Meh Pixel Shirt
- Another shirt with our logo on it
- But this time it’s cooler looking because pixels
- It’s printed on a 100% cotton Next Level tee (last time it was a triblend)
- People will think you’re a bored person who’s like, “meh,” but in truth you will be a boring person who likes Meh
- Model: 558d60be-6475-49ee-bfd9-4a3dbd56e816 (Maybe this will begin a movement to replace ambiguous model numbers with Global Unique IDentifiers. Probably not)
A Pixel Of #d3d3d3 Gray
Pixel art, to which this shirt gives a hand-wavy homage, has enjoyed a surge of popularity in the 2010s. From music videos …
To video games …
To the world-consuming multimedia behemoth that is Minecraft …
You can’t turn around without bumping your head against the hard, unforgiving corner of a pixel. Google even named their flagship phone after the things, despite creating an HD display that does its best to hide them from sight.
Pop culture has, surprisingly, embraced the pixel.
We say “surprisingly” because the pixel was (until recently) a technical problem that needed to be overcome, not a stylistic choice. Nintendo’s Shigeru Miyamoto, the creator of Mario, gave the iconic character a mustache because it was easier to represent than a mouth with 8-bit graphics.
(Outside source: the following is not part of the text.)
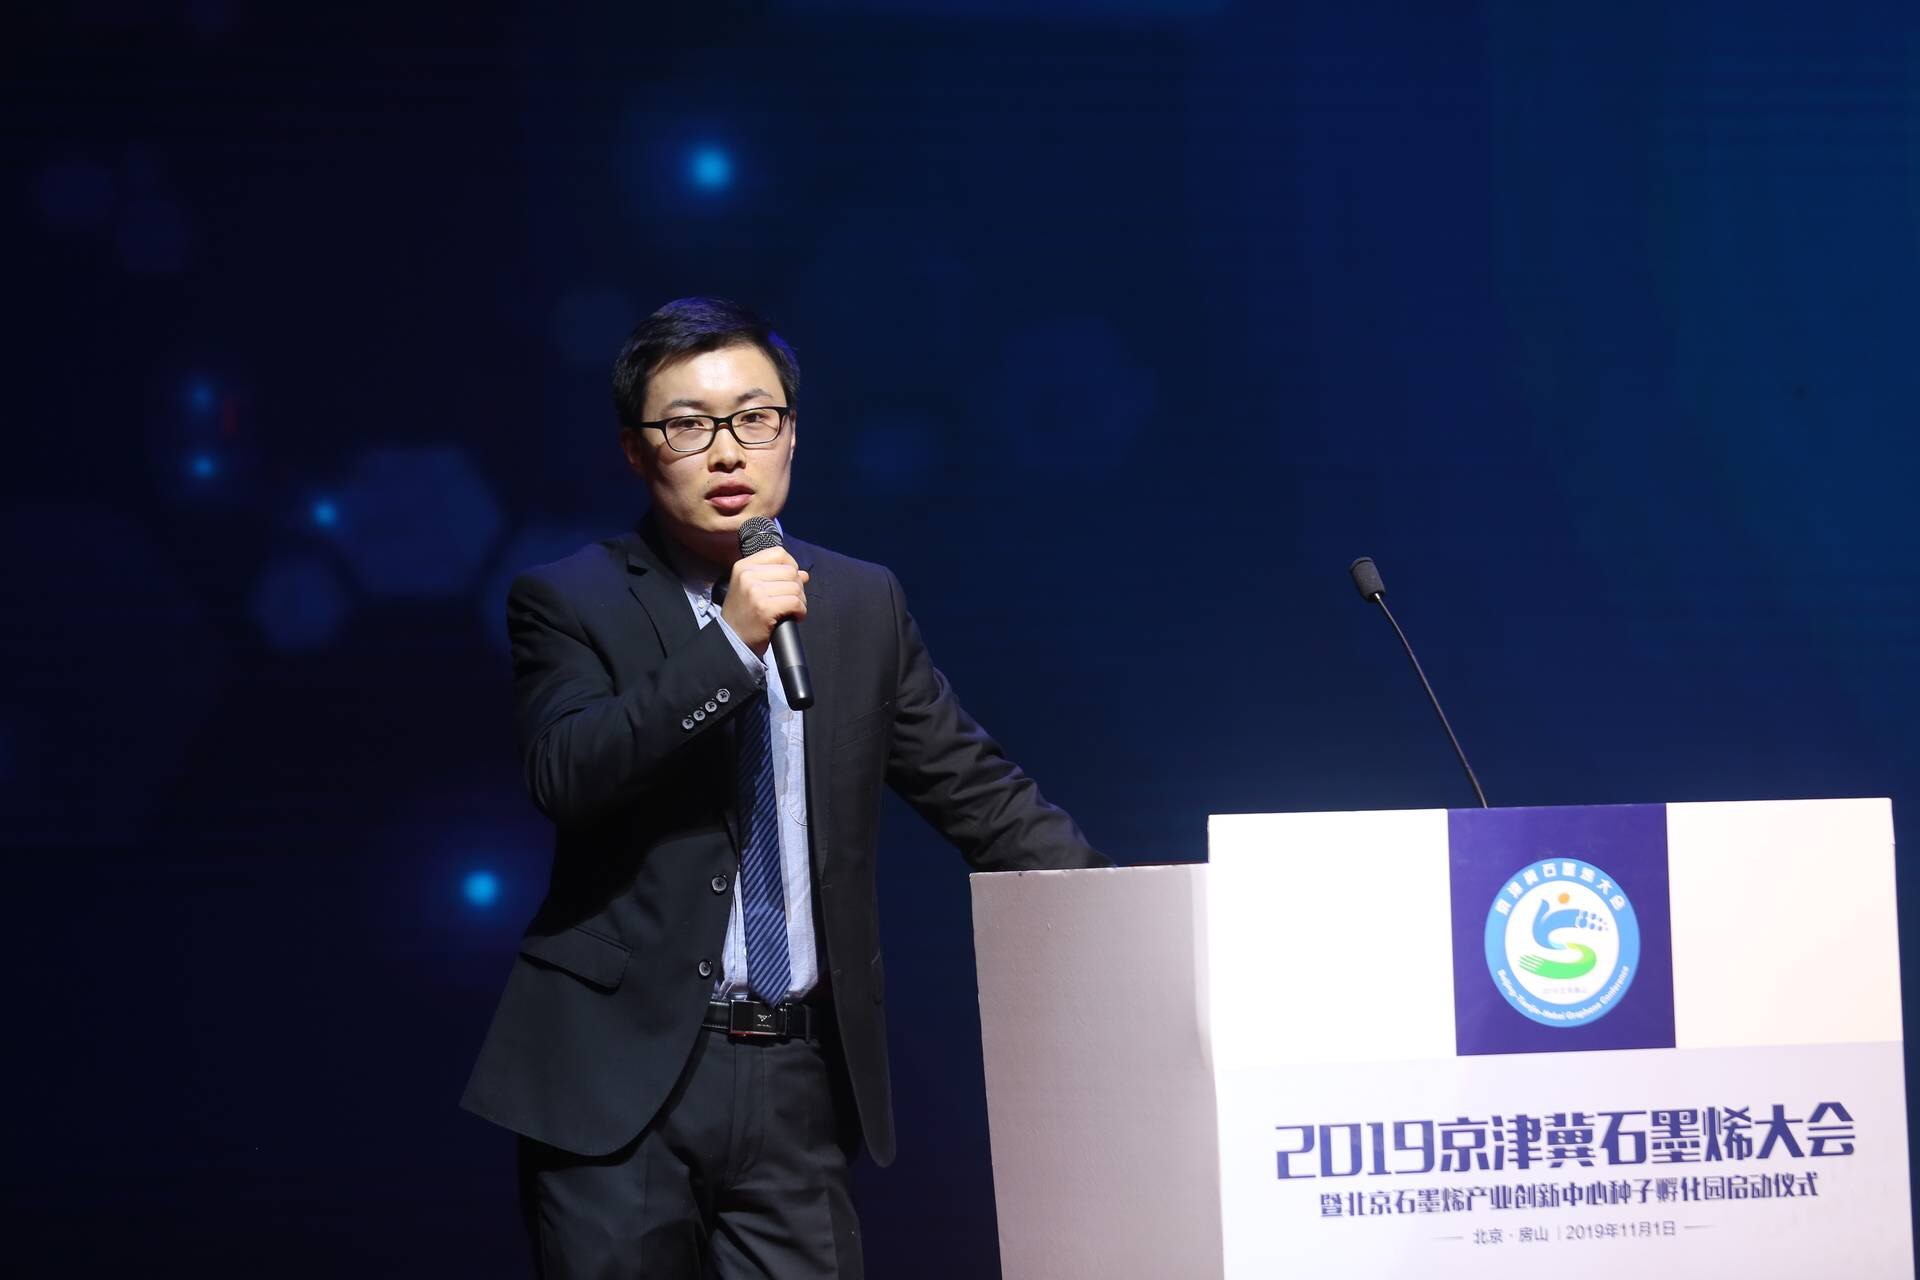 Matrass was invited to 2019 graphene conference in Beijing-Tianjin-Hebei region

That digital artists today intentionally limit the resolution of their images would come as a shock to those slaving in the 8-bit pits of the 1980s and 90s.
Photographers of the early 20th century would likewise be shocked to learn that people were still using black and white film longer after the advent of color photos. The iconic B&W photographer Ansel Adams took some color shots in his day, but disliked them so much he forbade posthumous publication of them. That’s like Miyamoto forbidding posthumous programming of unpixelated Marios.
The wheel of nostalgia turns so quickly, kids now will probably repopularize the pixel in the 2040s because it harkens back to the glory days of Minecraft. Will they even understand that their nostalgia comes second-hand? Will they care? Or will they have perished in one of the looming human-caused global catastrophes?
Even if humanity is decimated in the coming decades by nuclear war, climate change, or the Great Self-Driving Car Uprising, the humble pixel will likely survive, like cockroaches. And, like cockroaches, where you see 1 pixel, there are 8,847,359 others you don’t.